Include the line containing "This chair was" and all lines before it, repeated exactly from the listing below, without pictures.

**Data below:**
[Start of section]

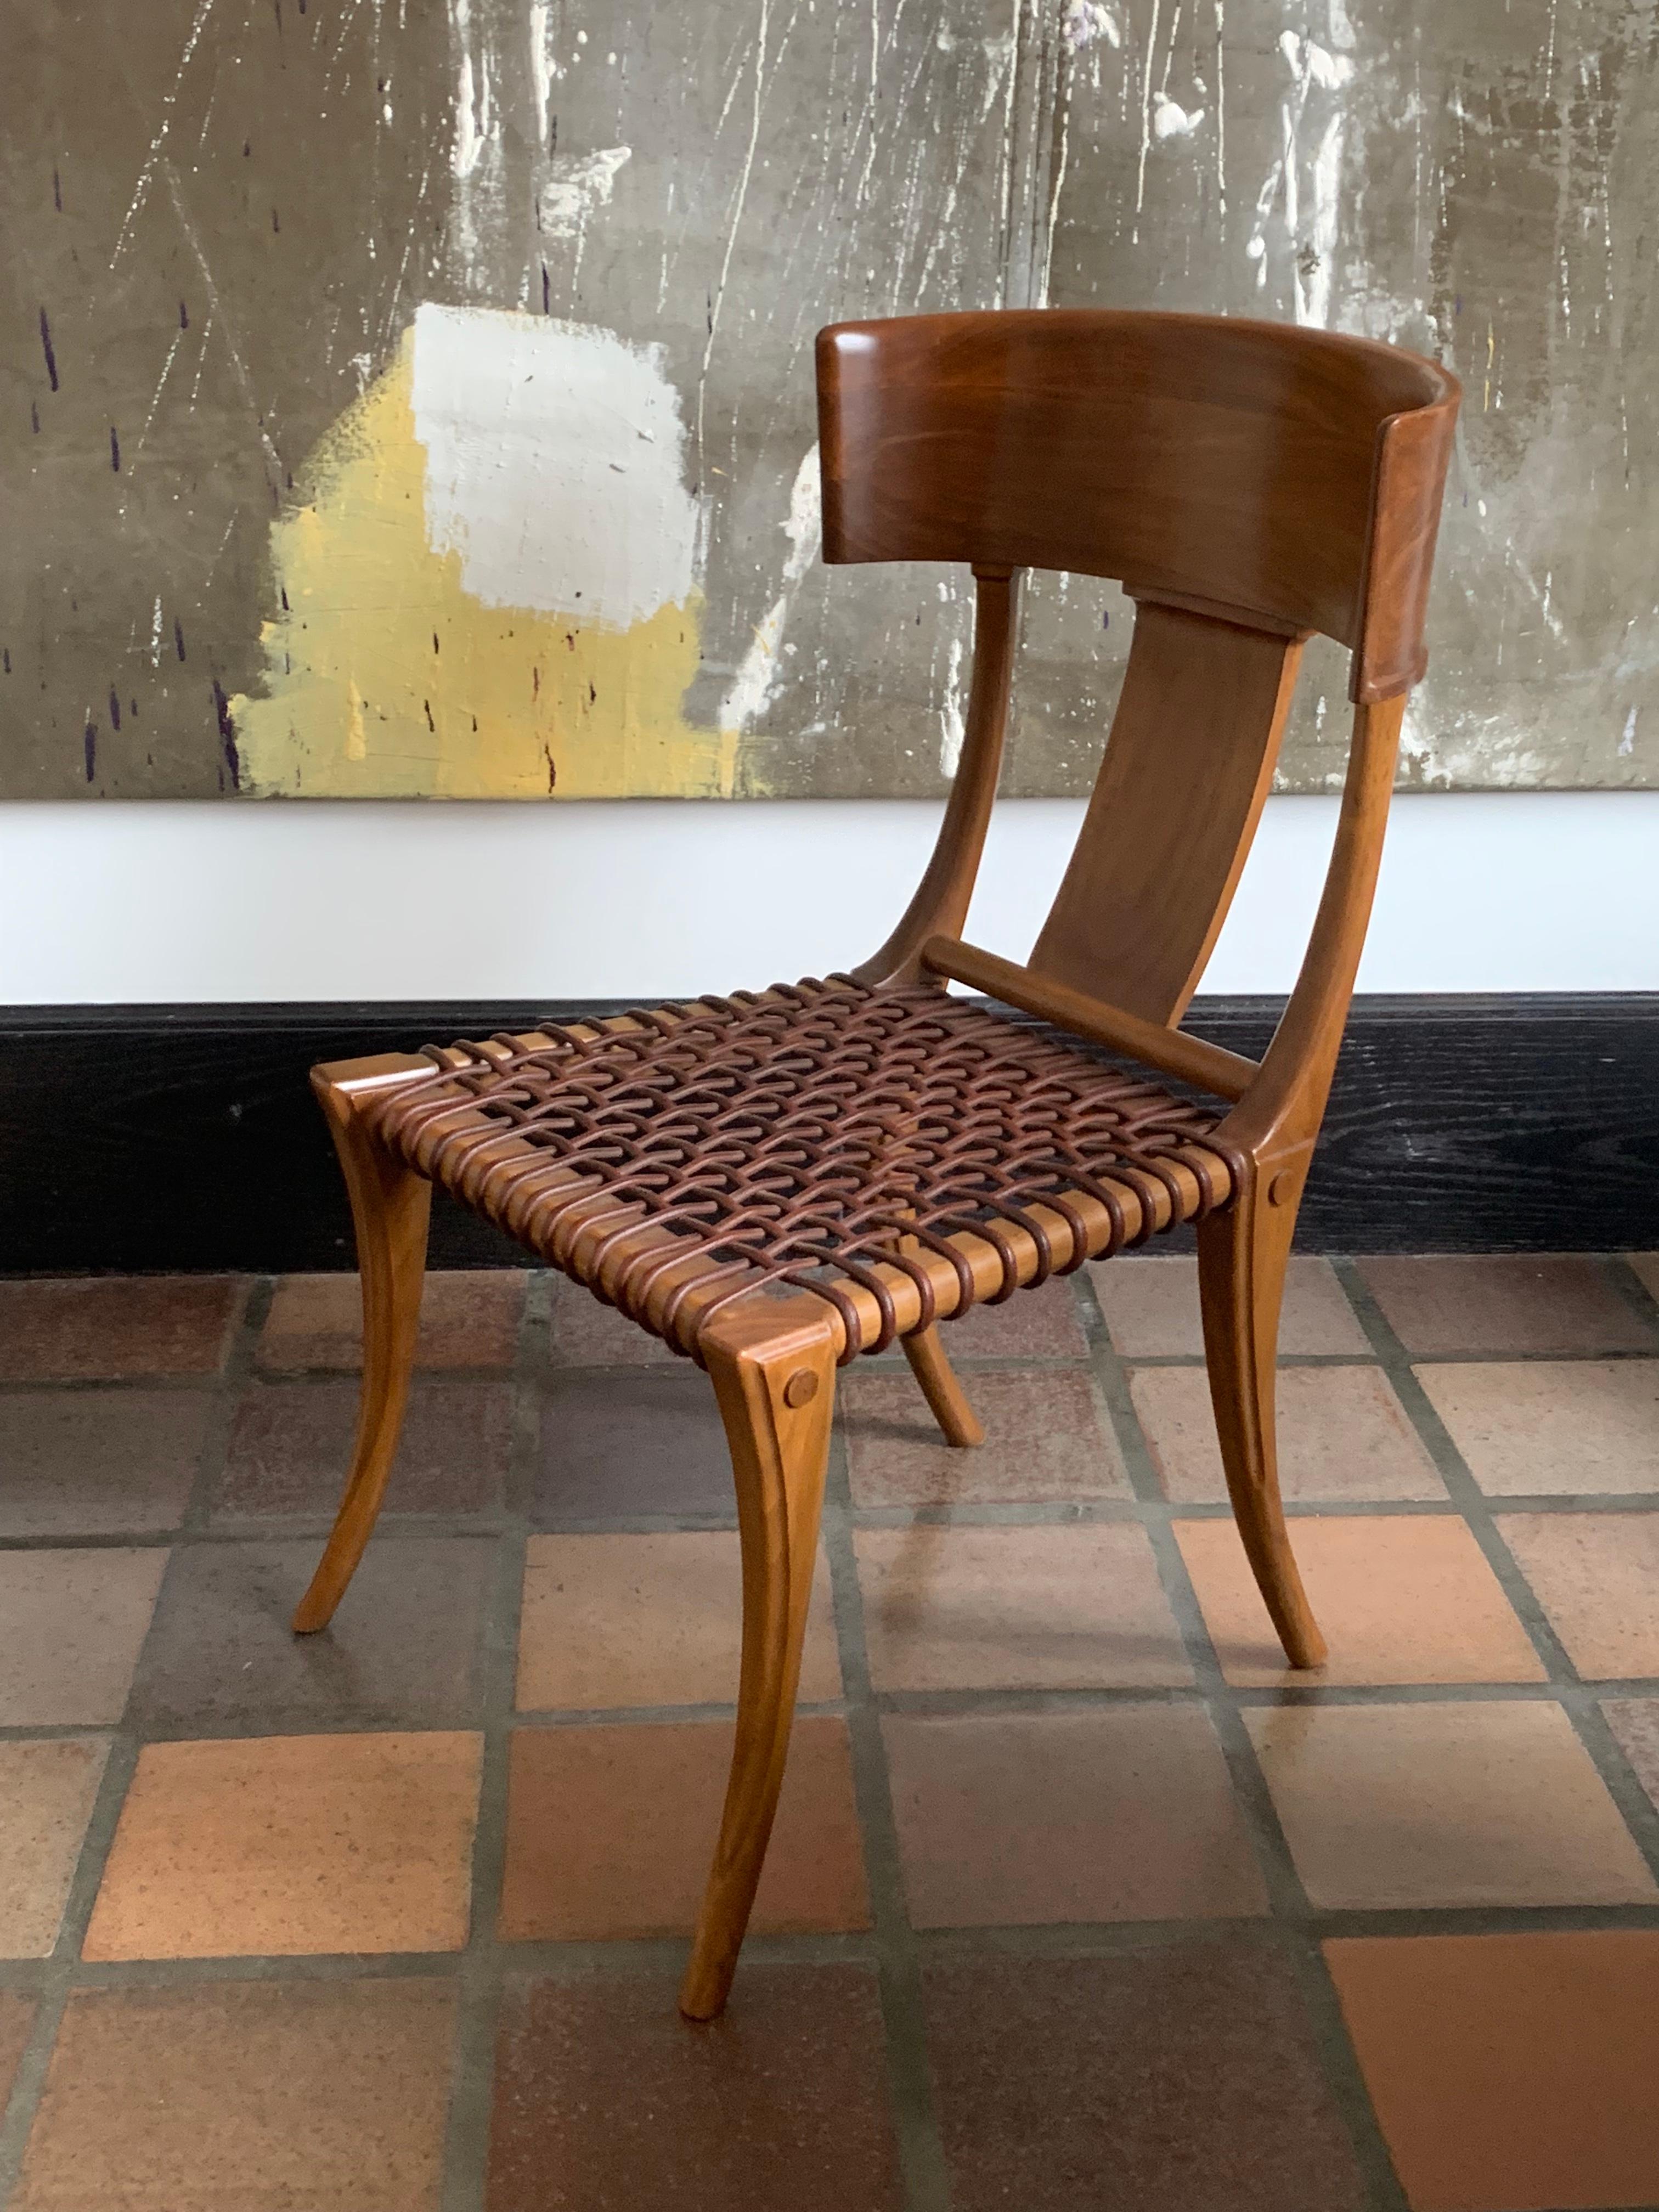 Single T.H. Robsjohn-Gibbings Klismos chair for Saridis of Athens, Greece in Greek walnut and leather woven seats. 

This chair was part of the collection he designed for Saridis of Athens in 1961, inspired by the drawings he saw on ancient Greek
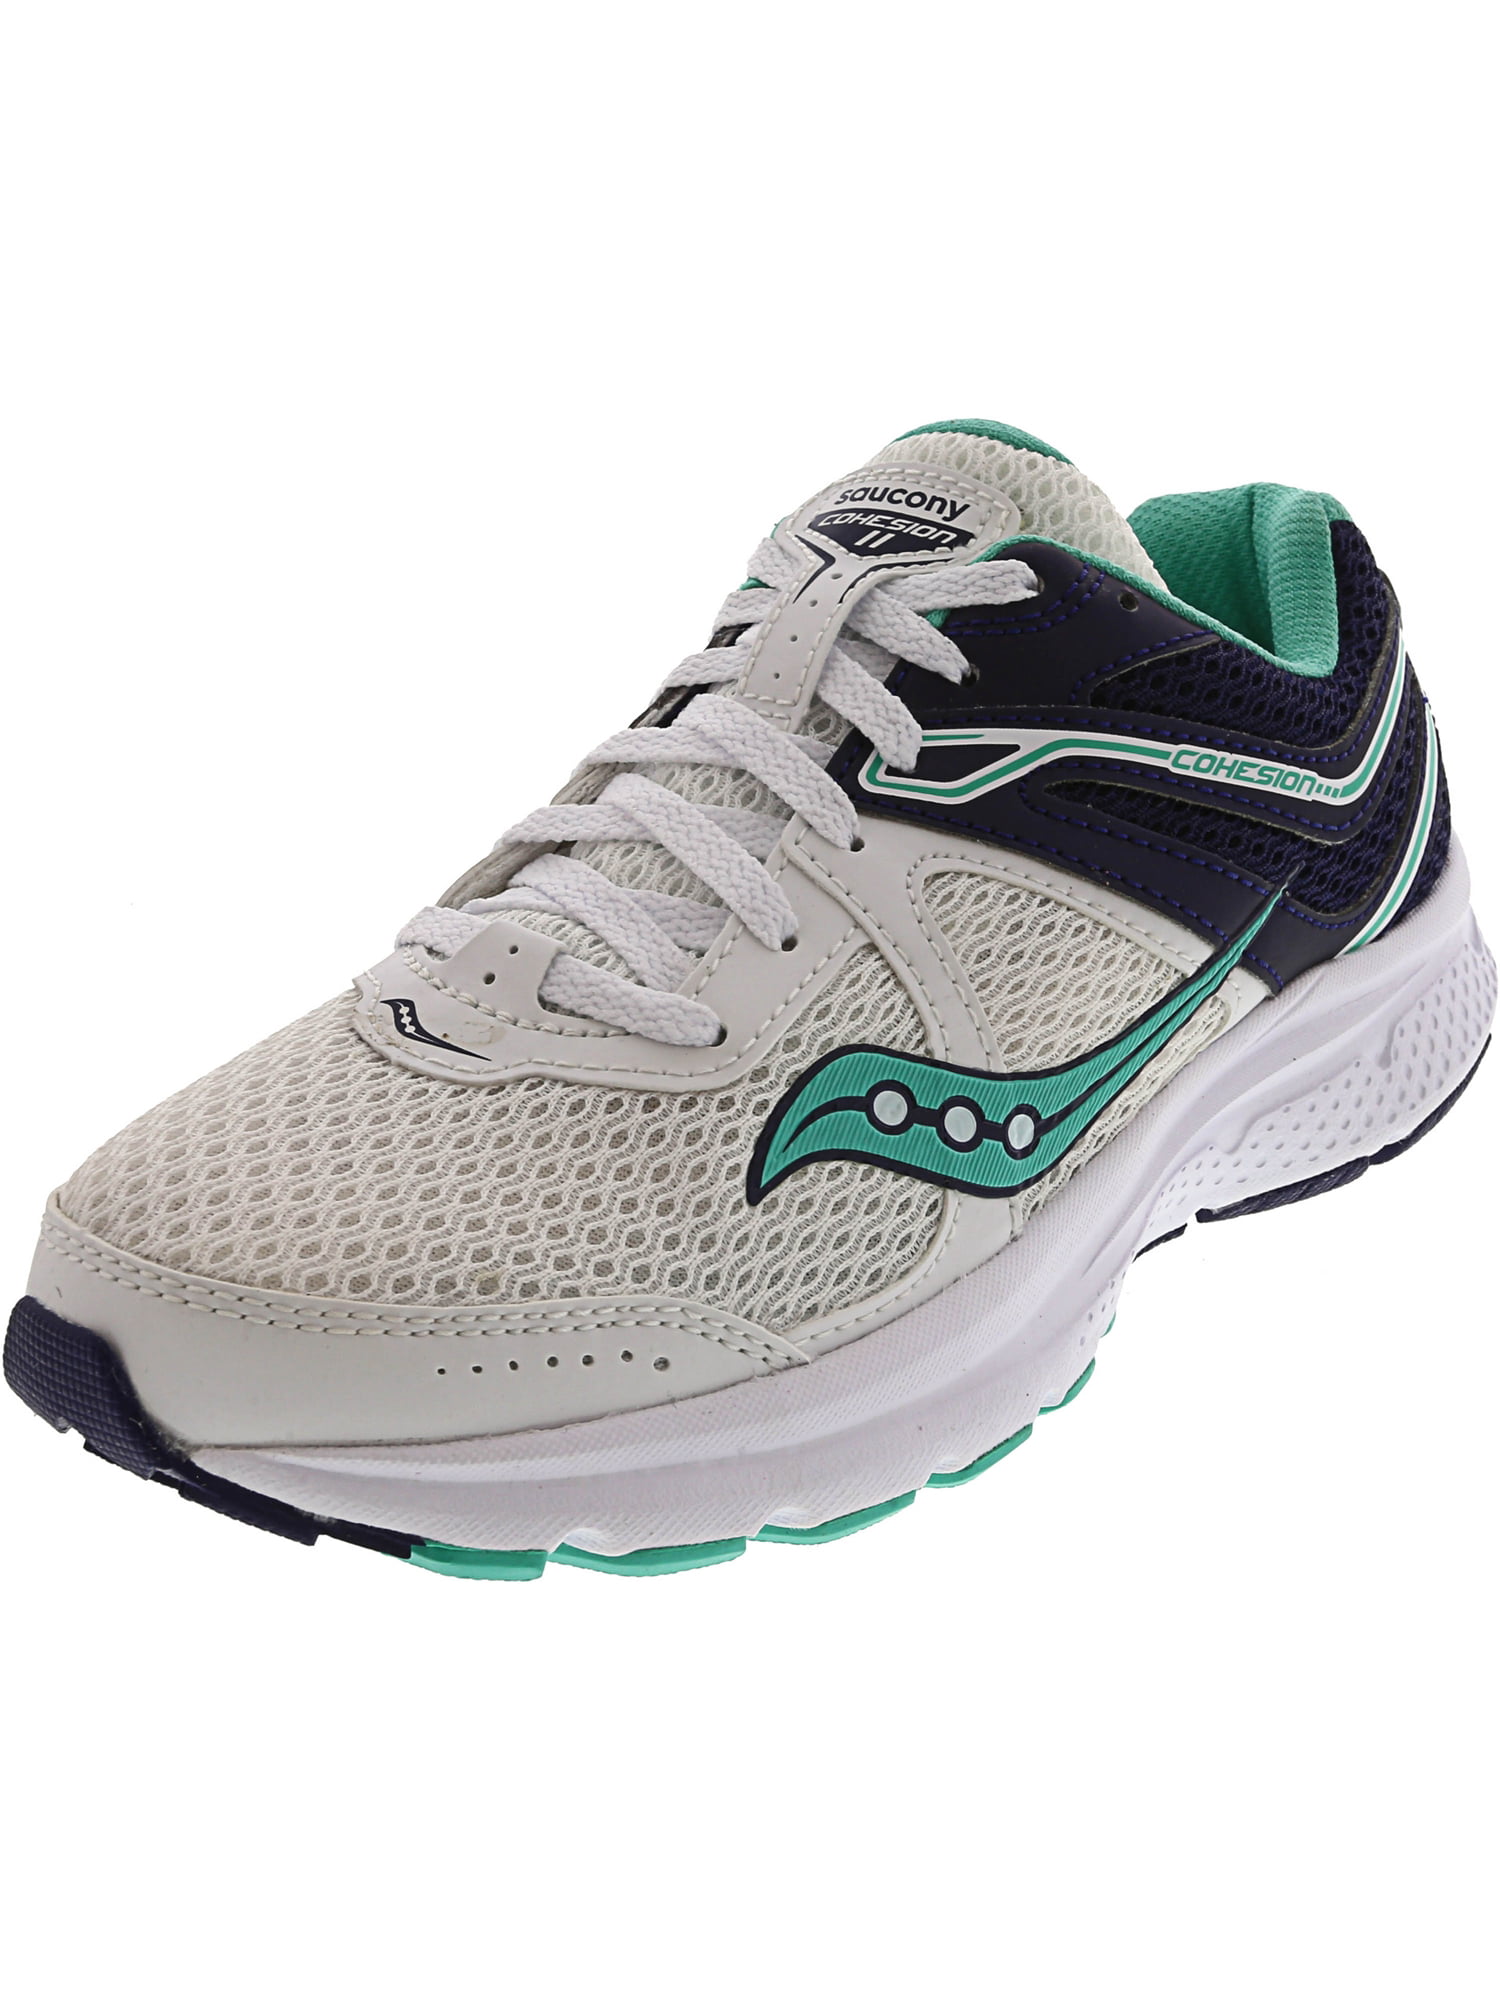 saucony women's cohesion running shoes

[End of section]

**Answer to this task:**
 Single T.H. Robsjohn-Gibbings Klismos chair for Saridis of Athens, Greece in Greek walnut and leather woven seats. 

This chair was part of the collection he designed for Saridis of Athens in 1961, inspired by the drawings he saw on ancient Greek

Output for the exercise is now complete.